There was only one incident where the serum came close to being used. "In one scene, I had to talk to the snake so I was very close to it. I had to move, too, and knew that could have upset the snake. In that shot, the handler was actually holding the snake off-camera – but it still took a strike. Luckily, cobras tend to strike low and at the same time, the handler pulled the cobra away, so it missed. I was quite frightened."
It so unnerved her that she had to take a break – for five minutes.
Despite the renown that Mae Bia has brought, Mamee doesn’t think the film indicates anything special about her acting ability. "I need to perform in many more roles, and in many different kinds of characters, before I can say that I’m a successful actress."
But it has made her face instantly recognisable. "I need to smile all the time when I’m out – I now belong to this society of actors who people recognise."
Butterfly Man, in which an Englishman falls in love with a masseuse (Mamee) on Ko Samui, will soon hit the screens, but it was more fun than a challenge to Mamee. "It fitted me really well.
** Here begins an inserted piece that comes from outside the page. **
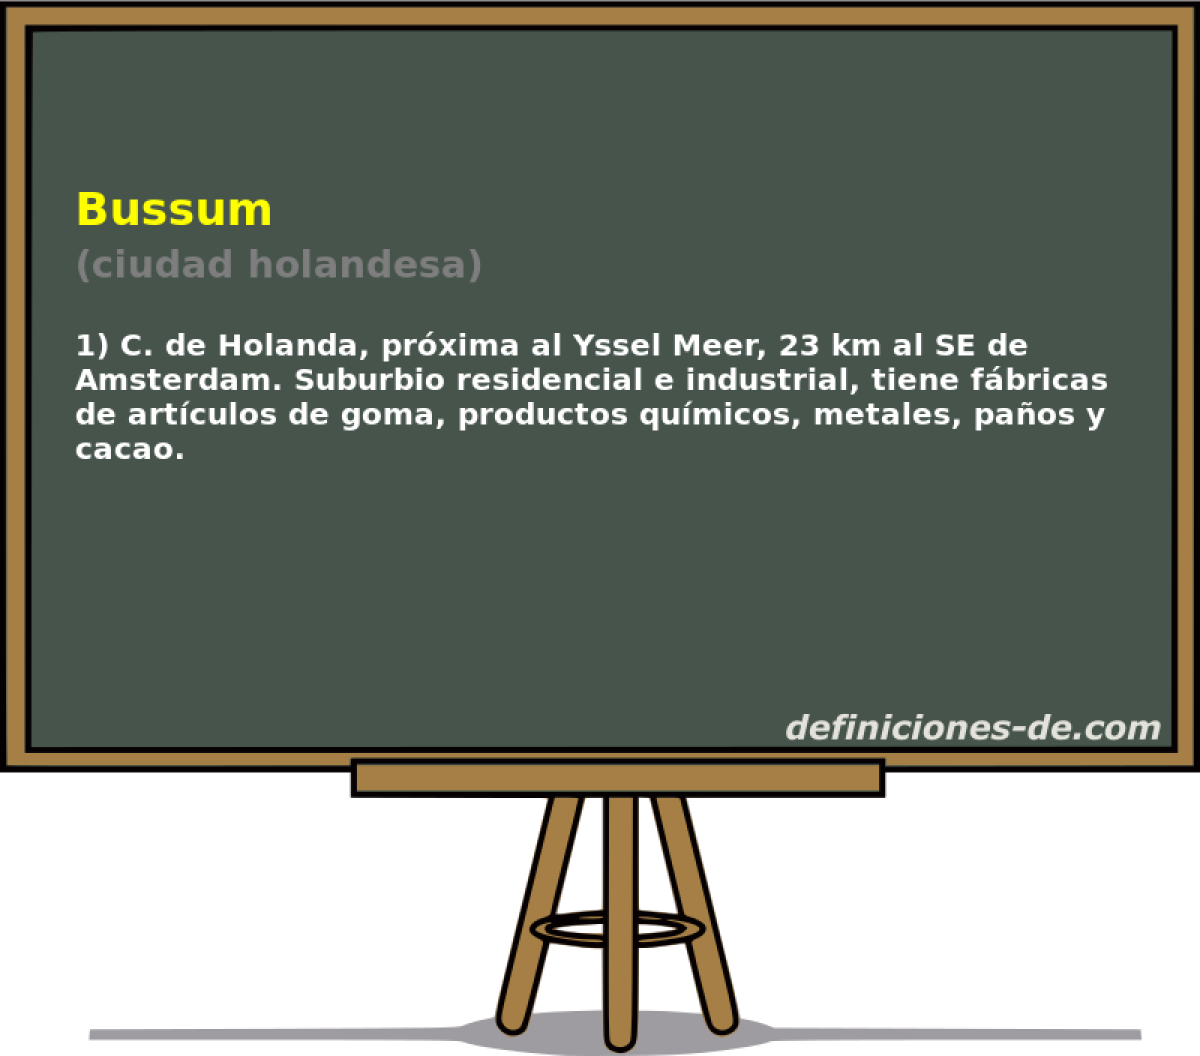 Bussum (ciudad holandesa)

I didn’t need to do much acting; the role and my natural character matched well."
Offers for other films are now flowing in – Mamee reads the scripts herself – but few of them are for what she calls ordinary roles. "They tend to be a bit extreme, leaning towards the erotic after Mae Bia."
She’d like most to appear in an action film next – something like the Chinese movie The Professionals – would be right up her alley. While she’s yet to take up any martial arts, she has been studying yoga for nearly a year. The casting agent for Mae Bia originally encouraged her to take it up after passing a critical eye over her body. "I have a teacher who has been teaching me specific positions to help me improve my muscle tone in particular areas," she says. "I have lost weight, plus I like it. I do it every night before going to bed." Meditation is on the agenda, but at the moment Mamee just doesn’t have time. "I’m working from 7 in the morning through to midnight. There’s no time for anything else!"
And that includes a boyfriend. She cites The Professional’s Lee Ong and Tom Hanks as men she finds interesting, but adds that looks aren’t important to her. "A sense of humour is the one thing I look for in a man."
But Mamee does have time to offer some words of encouragement to young aspiring thespians. "To those individuals who are interested in entering this industry, I would like to say: I started from the bottom and made it. You could too. So don’t give up!" And, perhaps, consider changing your name.